In the absence of a comprehensive immigration reform bill, President Obama has asked Congress to authorize $3.7 billion to deal with the surge in unaccompanied minor migrants crossing the U.S.-Mexico border. The White House says the cash is needed for the Justice Department to hire judges to hasten hearings for the migrant children; for the Department of Health and Human Services to provide medical attention and refugee services; and for the Department of Homeland Security to send border drones, pay border agents overtime, and detain and deport more immigrants.
Perhaps surprisingly, some Republicans appear to be entertaining the request. Michael Steel, a spokesman for House Speaker John Boehner, told Politico that both the Appropriations Committee and a border-crisis working group headed by Representative Kay Granger (R-Tex.) “will review the White House proposal.” Appropriations Chairman Hal Rogers of Kentucky described the situation at the border as “extremely dire,” and added, “the United States has both a security and a moral obligation to help solve the crisis at hand.”
The president’s appeal even drew some support from immigration hardliners outside Congress. Jessica Vaughan, director of policy studies for the conservative Center for Immigration Studies, says that while she’d “quibble” with the composition of the funding request, Republicans should pass it anyway, because “clearly the federal government needs more resources to clean up this mess.”

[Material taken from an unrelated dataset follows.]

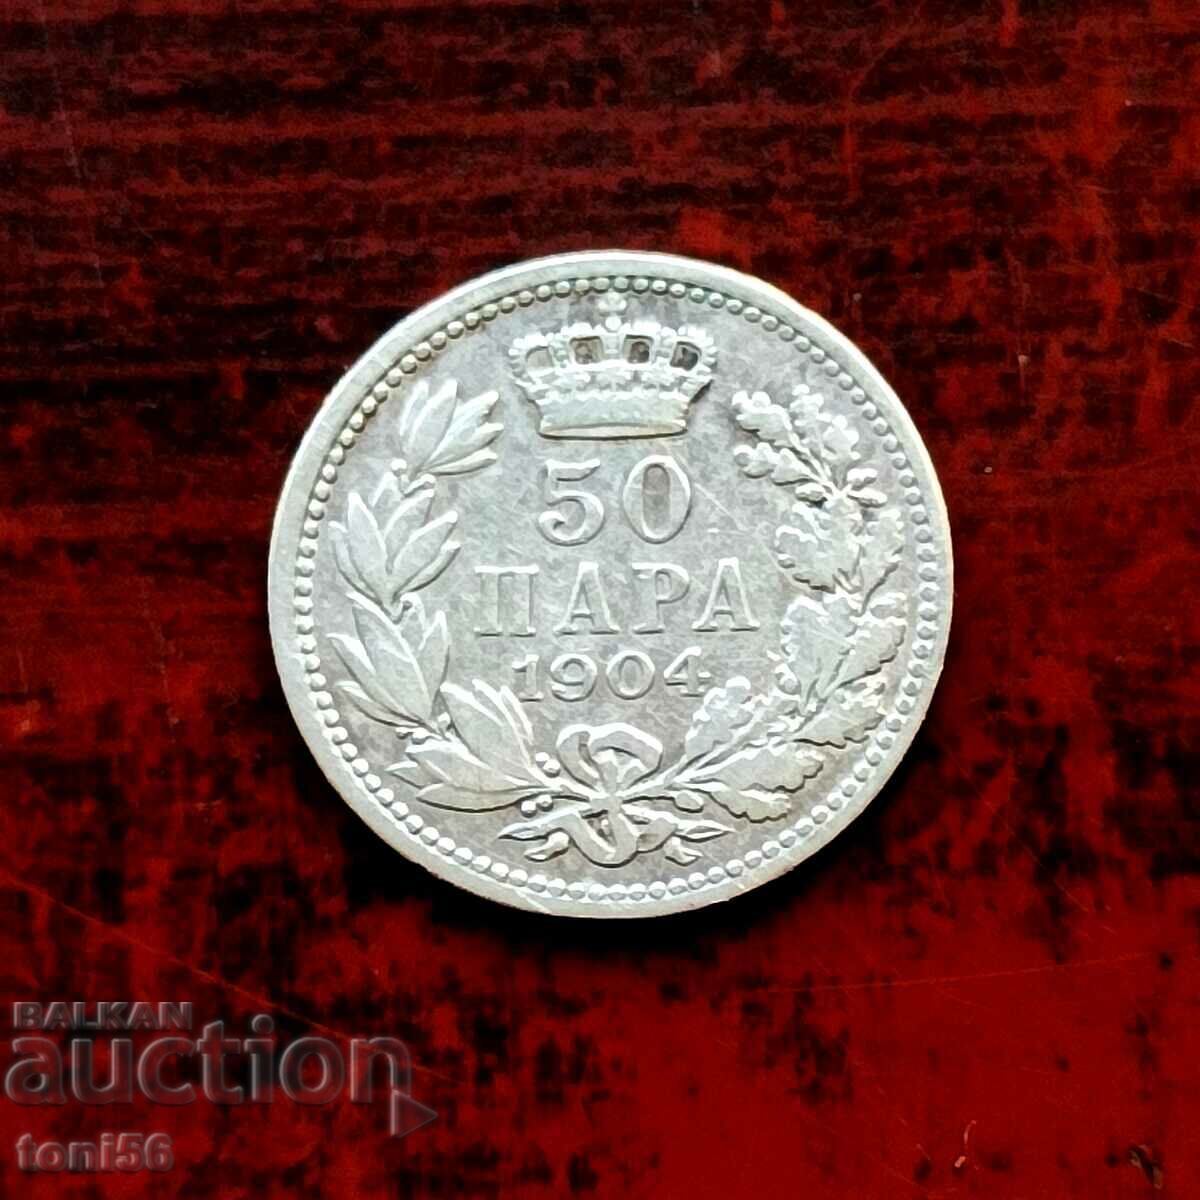 Serbia 50 money 1904 - silver

Others, however, stuck to the party line. “I don’t think Congress is likely to write the president a $3.7 billion check without some assurance that the money’s going to go not to simply facilitate the flow in a more orderly manner, but to actually interrupt and reverse the flow, and stop people from coming in [and] to send people back that have come into the country illegally,” says Representative Tom Cole (R-Okla.), a deputy whip and close Boehner ally. Some Republicans have also suggested, contrary to the White House’s call for emergency spending designation, that the $3.7 billion be offset with cuts elsewhere; Alabama’s Senator Richard Shelby, the ranking Republican on the Appropriations Committee in the Democratic-controlled Senate, offered a specific plan: “It ought to be offset from Obamacare.”